The priors that were used are specified below:
$${\displaystyle \begin{array}{c}{\omega}_j\sim gamma\left(.1,.1\right)\\ {}{\lambda}_0\sim unif\left(0,20\right)\\ {}{\lambda}_j={\lambda}_{\left(\textrm{j}-1\right)}\mathit{{e}^{\omega_j}},\;where\;j=1,\dots \\ {}\rho \sim unif\left(-.3,1\right)\\ {}{b}_k\sim \mathit{\operatorname{norm}}\left(0,3\right),\;where\;k=0,\dots,\;K+1\end{array}}$$
Four models were fitted to the time series using a Poisson distribution. Poisson distribution was used to model the dependent variable due to the nature of the count data. Model 1 is a simple ITSA model estimated without any slopes, that is, time (year) was not included in the model. The interruption in the ITSA model is change in phase. Model 2 is an ITSA model with time included as a predictor. Each phase was allowed to have its own intercept and slope. In model 3, relevant predictor variables were added to model 2. These variables included October precipitation, October temperature, March temperature, the minimum temperature in March, previous year’s PDSI, the interaction between all these variables and phase indicator (i.e., cutting phase, fire phase), and the interaction between October temperature and October precipitation. For model 4, variables that were not statistically significant were removed from model 3 to form a more parsimonious model. Deviance information criterion (DIC) was used to retain the models. Similar to the Akaike information criterion (AIC), lower values of DIC are used to select models which have better fit and fewer effective parameters (Spiegelhalter et al. 2002; Spiegelhalter et al. 2014).

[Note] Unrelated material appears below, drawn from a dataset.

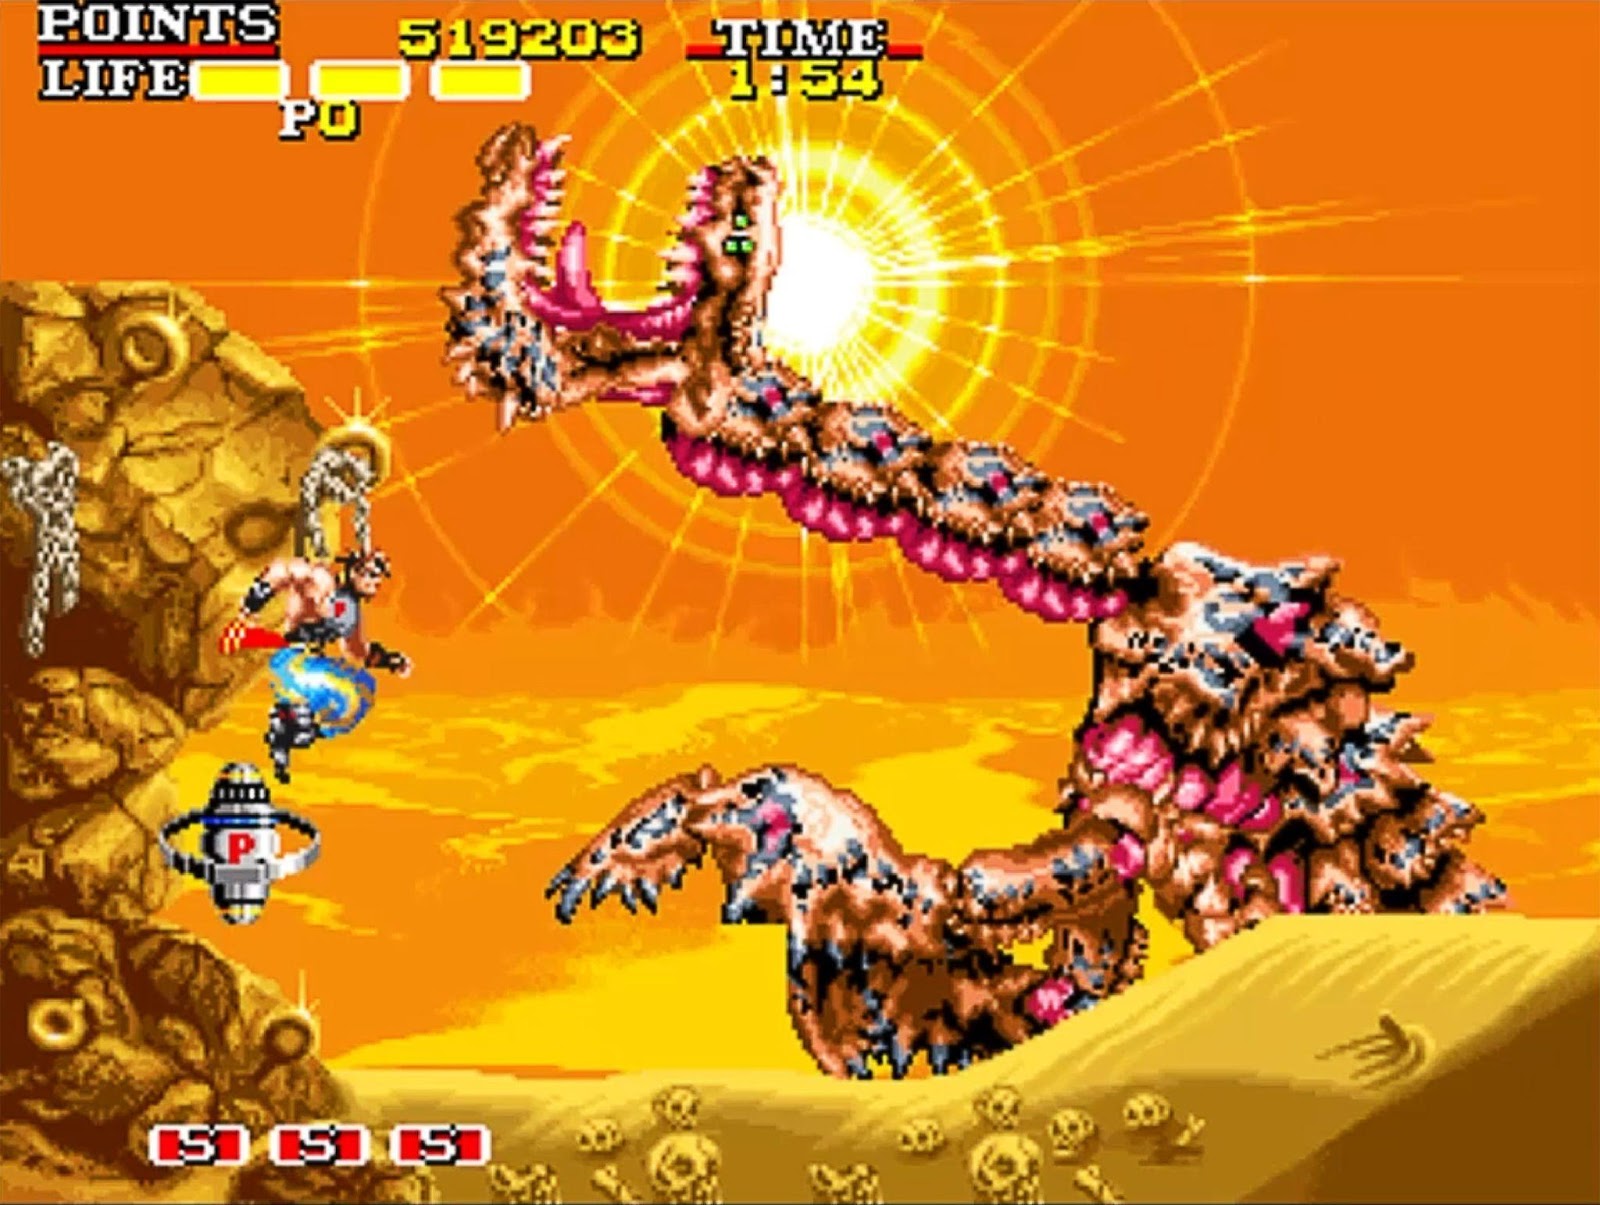 Hero in the desert level fighting a giant skeletal serpent.

A plant condition index was calculated using the first year of the counts as the baseline by dividing each subsequent year by the value for the first year (1982 = 1 in the index). The Bayesian rate ratio from the previously described ITSA model was used to pick the most important intervention phase (reintroduction of fire). Using the R statistical software (version 4.2.1, R core team 2022), four additional models were fitted, using the BSTS package (Scott and Varian 2013). Model 5 is a state space that includes auto-regression (AR), whereas model 6 includes AR and a student linear local trend. The state space for model 7 included AR and dynamic regression on covariates (October precipitation, October temperature, SPEI, and minimum March temperature). Model 8 state space included AR and covariates as model terms (October precipitation, October temperature, SPEI, and minimum March temperature).
The BSTS package was used to compare one ahead errors through each time step for all four models. The model with the lowest overall error (model 8) was then used in the CausalImpact package to predict a counterfactual for comparison to the actual data after the intervention (Brodersen et al. 2015).